I am uninsured and have thus far had to pay for everything out of pocket, so when I consider every six months having the pleasure of a stereotactic biopsy with mammograms and the possible need for another open excisional biopsy, it just won't be feasable.  The stereotactic and pathologist read alone is over $3,000.  (And living in AK doesn't afford me many options unless I fly out of state each time...also expensive).  Add this to the anxiety of checking for something (that usually turns up) every six months...well, it just seems like bilateral mastectomy is more logical.  I read elsewhere in another discussion group that having ADH is living in "no man's land" - you aren't "normal" and you don't have cancer...yet.  It's hard to get comfortable in that place, but I'm trying.  Thanks again for your support!

april485

Wow, I just had to comment on the price of your stereo biopsy. Mine was 12,800 bucks here in CT. What a difference in prices regionally!The NorthEast gouges us because we make more money than other states I guess. My insurance company reumbursement for this over 12K procedure was 1980.00...huge difference in price! I think about the unfairness of someone trying to pay out of pocket for this procedure and it pisses me off big time!
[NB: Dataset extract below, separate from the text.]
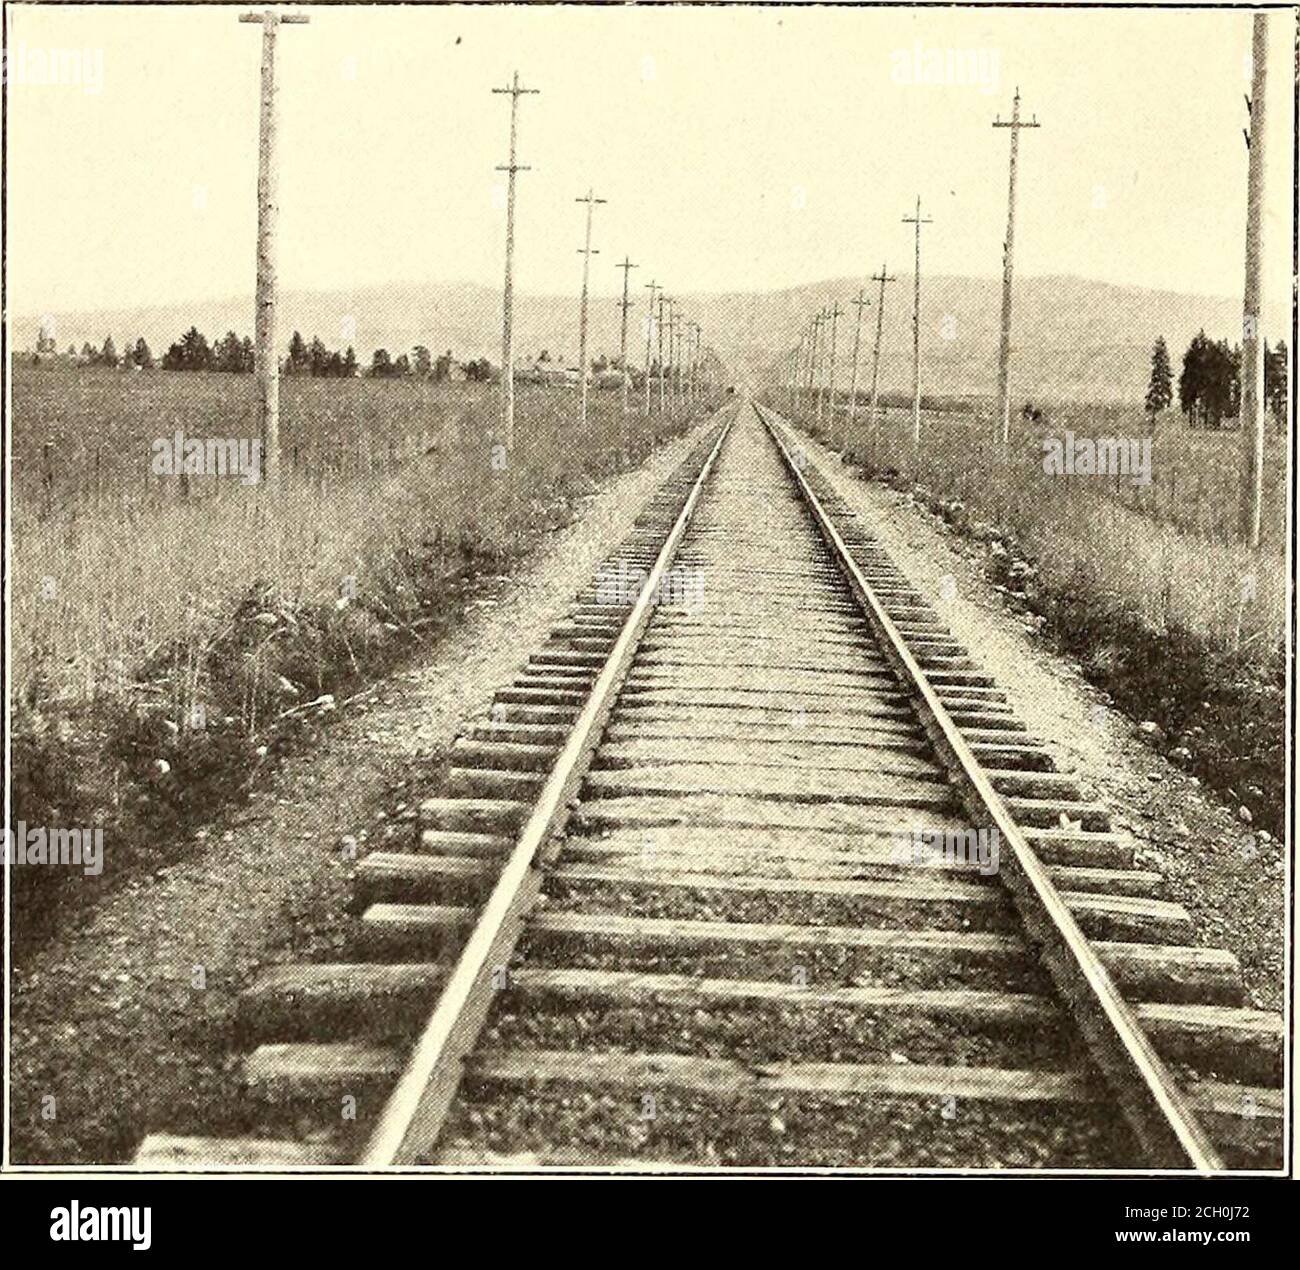 . The Street railway journal . lene. It is the chief shippingpoint of the Coeur dAlene mines, with boats running to all As shown on the accompanying map, the railway follows thevalley of the Spokane River, which is the natural outlet of LakeCoeur dAlene. About midway between the termini, the roadcrosses the river, 2&gt;7lA ft- above the surface of the water, on a600-ft. wooden truss bridge, and at the same time also crossesthe dividing line between the States of Idaho and Washington.The track is of standard gage and is laid with 60-lb. standardA. S. C. E. section T-rail in 30-ft. lengths. The Stock Photo

PattyDee, if you are highly ER+, one of the very best drugs would be tamoxifen, even if you are post meno. 30 years of data show it to be one of the single most influential factors in prevention of BC and/or recurrence. As much as I am dreading taking these drugs, it is truly found to help keep BC at bay so I will at least try it and see what happens. Not as much data on the AI's but it is prescribed for IDC and other invasive cancers. It is prescribed off label for DCIS which is what I have as it has not yet been approved for this as tamox has.

Hoping you make the best choice for you and what you can personally tolerate in terms of risk.